By engaging our services, you agree that we reserve the right to display your business name and logo on our website for promotional reasons. This will include a beneficial backlink to your website to build website SEO value. This provision includes, but is not limited to, displaying your business name and logo on our homepage, portfolio page, and/or social media platforms. We will not disclose any confidential information about your business without your prior written consent. However, we reserve the right to display your business name and logo for promotional purposes to showcase our portfolio and the clients we have worked with.
If you do not wish to have your business name and logo displayed on our website, you must provide written notice to us within 14 days of engaging our services. If we do not receive any objection from you within this time frame, we will assume that you have agreed to the display of your business name and logo on our website.
We reserve the right to remove any display of your business name and logo from our website at any time, for any reason, without notice to you.
By engaging our services, you acknowledge that we may use your business name and logo for promotional purposes and agree to the terms and conditions outlined above.
By engaging our services, you agree that we reserve the right to build a case study on your business’s success story for promotional reasons. This includes, but is not limited to, showcasing your business’s case study on our website, marketing materials, and may be used on social media platforms.
We understand that your business may have confidential information that you may not wish to share with the public.
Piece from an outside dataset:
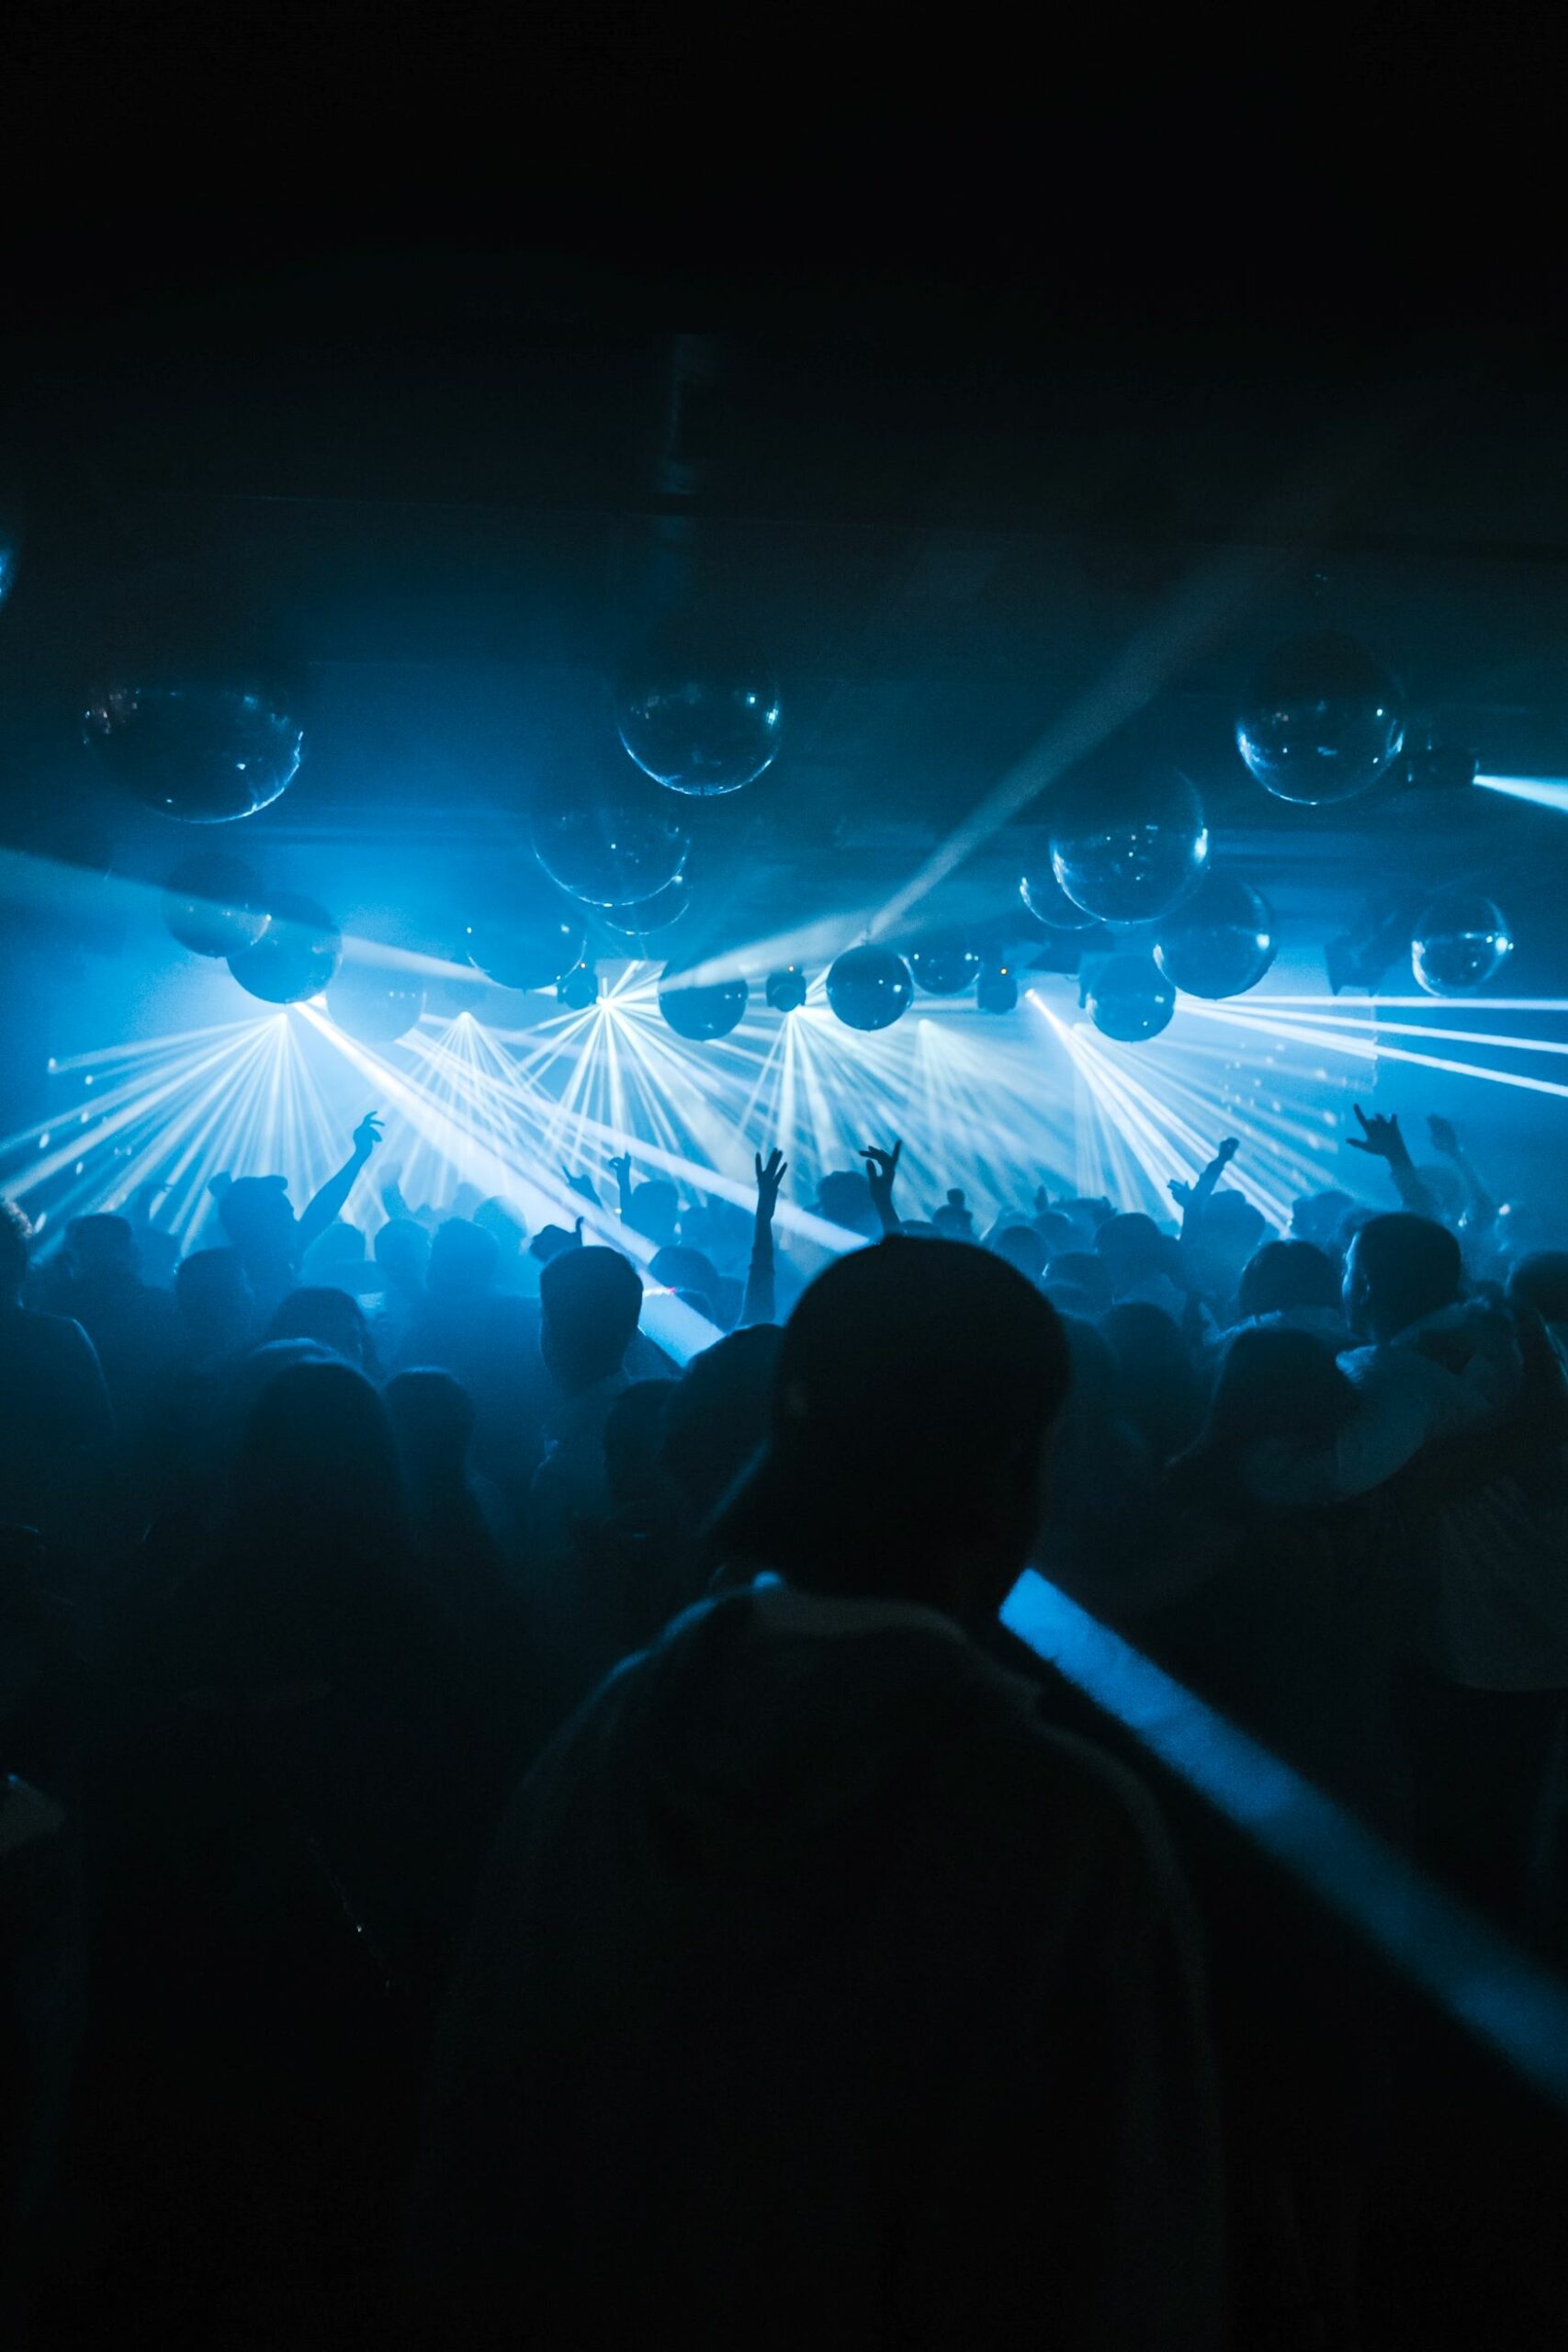 An image of people dancing at a nightclub.

Therefore, in those cases, we will only include information that generally showcases our services, without displaying specific sensitive information contained in some reputation management campaigns, in the case study. We will work with you to ensure that any sensitive information is not disclosed without your prior written consent.
If you do not wish to have your business’s success story showcased in a case study, you must provide written notice to us within 14 days of engaging our services. If we do not receive any objection from you within this time frame, we will assume that you have agreed to the creation and display of a case study on your business’s success story for promotional purposes.
We reserve the right to remove any case study on your business’s success story from our website, marketing materials, and social media platforms at any time, for any reason, without notice to you.
By engaging our services, you acknowledge that we may use your business’s success story for promotional purposes and agree to the terms and conditions outlined above. We look forward to working with you and showcasing your business’s success story to potential clients.
A removal is defined as when the contracted URL is no longer appearing in the search engine results for an agreed search term. A suppression is considered complete when the contracted URL is no longer appearing in the first ten results of a given search engine.